Depriving Uzmetkombinat of the exclusive right to buy ferrous and non-ferrous metal scraps and residues will mean that all actors in the Uzbek metal production market will begin to work according to market principles, Uzbekistan’s Antimonopoly Committee (AMC) has argued in reply to claims made by the leadership of Uzmetkombinat (in Russian).
The dispute erupted following the publication by the Antimonopoly Committee on 1 July this year of a draft presidential decree abolishing preferential treatment for a whole series of Uzbek enterprises. The document contained a point setting out the abolition of Uzmetkombinat and Uzvtortsvetmet’s monopsony (exclusive purchase rights) on metal scraps.

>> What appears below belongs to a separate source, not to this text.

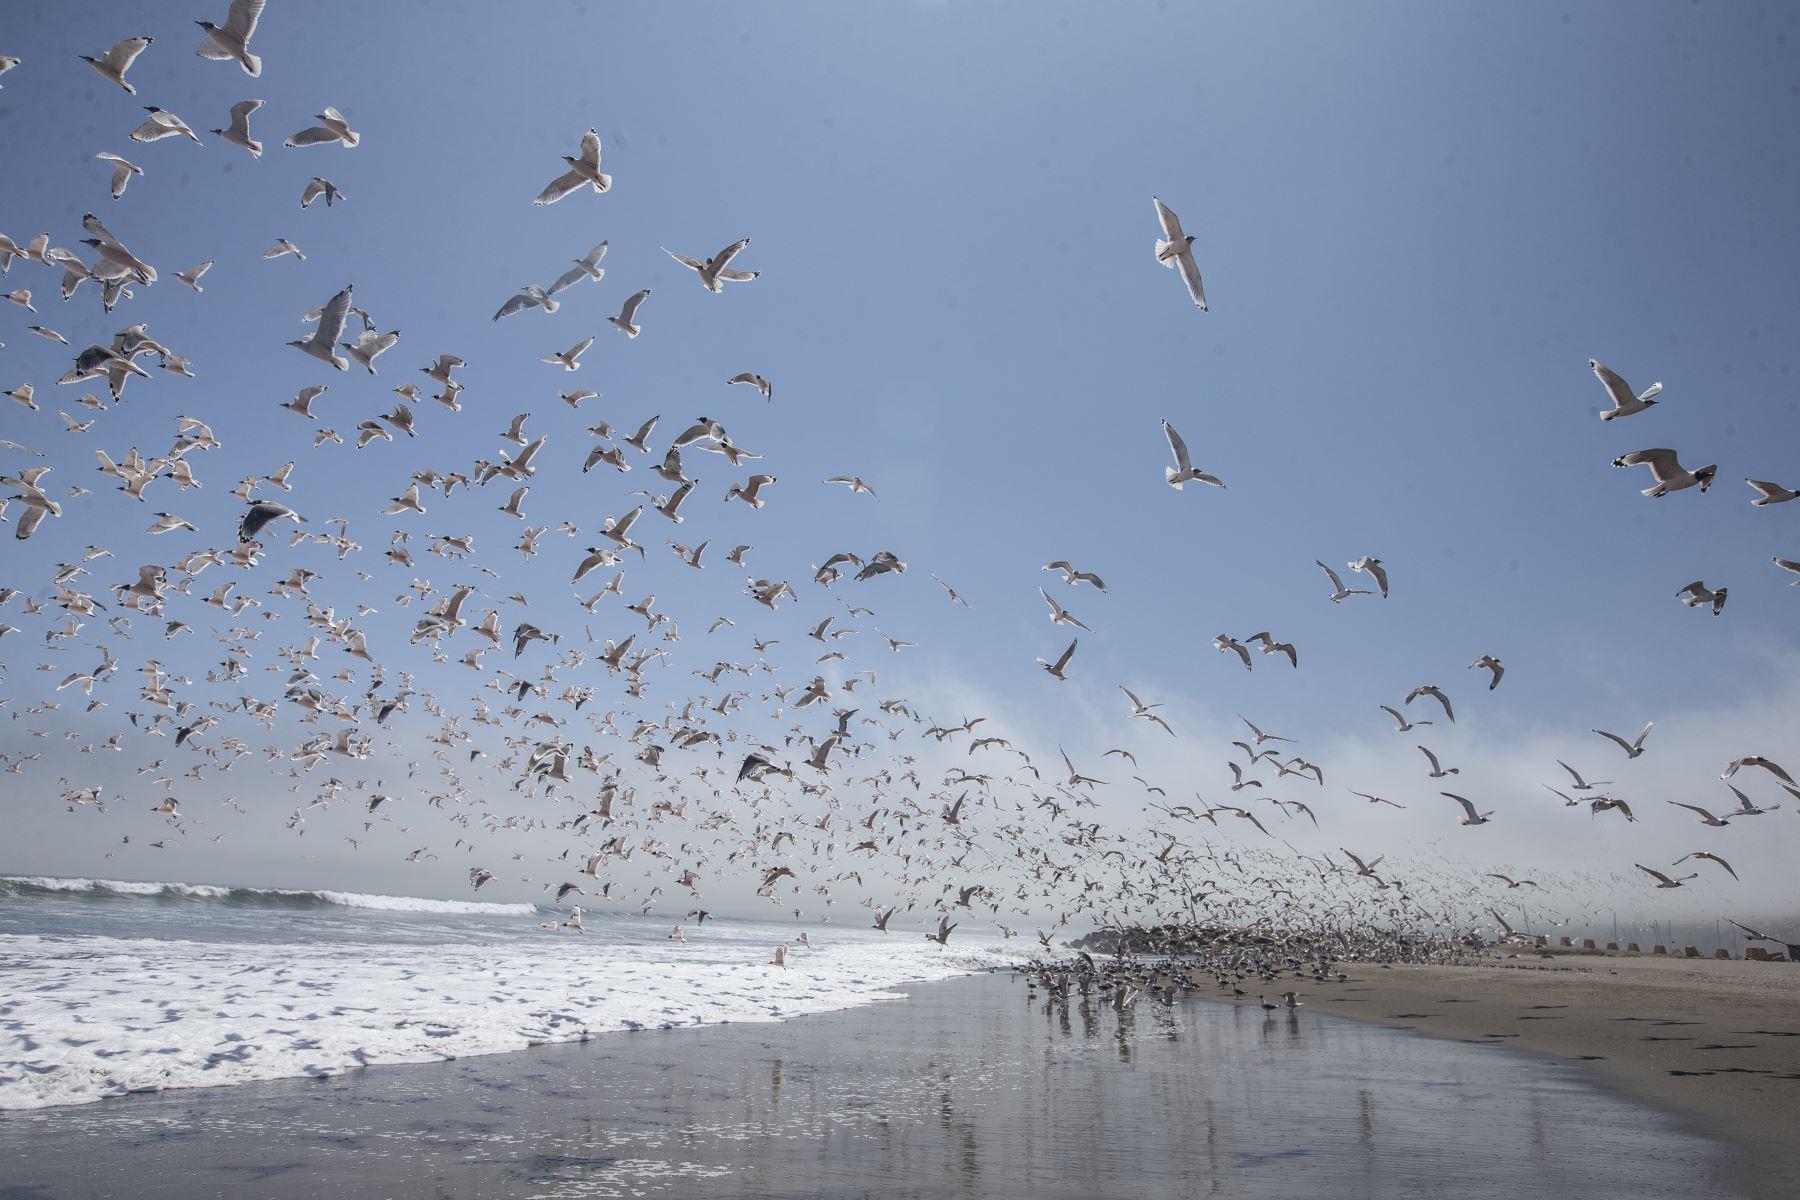 Miles de aves vuelven a las playas Agua Dulce y Sombrillas en la Costa Verde a consecuencia de la ausencia de público por el Estado de Emergencia que obliga a las personas a acatar la cuarentena para frenar el avance del coronavirus Covid-19. Foto: ANDINA/Jhonel Rodríguez Robles

The management of Uzmetkombinat categorically refused to agree to such a proposal. According to company heads, such a decision could lead to the collapse of the whole sector. They argued that abolishing their monopoly will lead to a 186% rise in raw materials imports in a year and expenditure on buying metals from abroad will increase from $197m to $367m. This will result in a drop in the company’s profitability and a sharp fall in government revenue. The Antimonopoly Committee’s plans, Uzmetkombinat argues, will lead to the company’s collapse and, consequently, to the collapse of the entire city of Bekabad along with its 120,000 inhabitants.
The draft decree’s authors responded with their own counterarguments. Due to the artificially low purchase prices set by the monopolists, they argue, a black market has emerged in the country, in which businesses buy up metal scraps from the public at their real cost, close to global market prices. As a result, Uzmetkombinat imports up to 40% of its raw materials. Besides this, untransparent purchasing mechanisms have led to the company paying prices 1.3 times higher than those paid for equivalent products by its competitors.
The AMC argues that removing the artificial barriers and legalising purchases by private enterprises is the only way to get rid of the black market and increase the amount of metal in circulation. The agency added that private metal production companies that have sprung up recently and do not enjoy Uzmetkombinat’s many years of government preferences have nevertheless shown good performance. “The creation of ‘greenhouse’ conditions for just one metallurgy enterprise simply because it is a major producer and possesses infrastructure and procedures accumulated over many years is an unjustifiable decision that slows down the development of the market,” the AMC’s response states.
Uzmetkombinat is the only Uzbek enterprise that has openly entered into an argument with the Antimonopoly Committee over the new draft decree on abolishing preferential treatment, although the AMC's plan’s will have an important impact on dozens of major companies and organisations. These include cotton sector firm Uzbekipaksanoat, the National Bank, Akfa University, the National Guard, Uzbekinvest, Davlat Belgisi and others.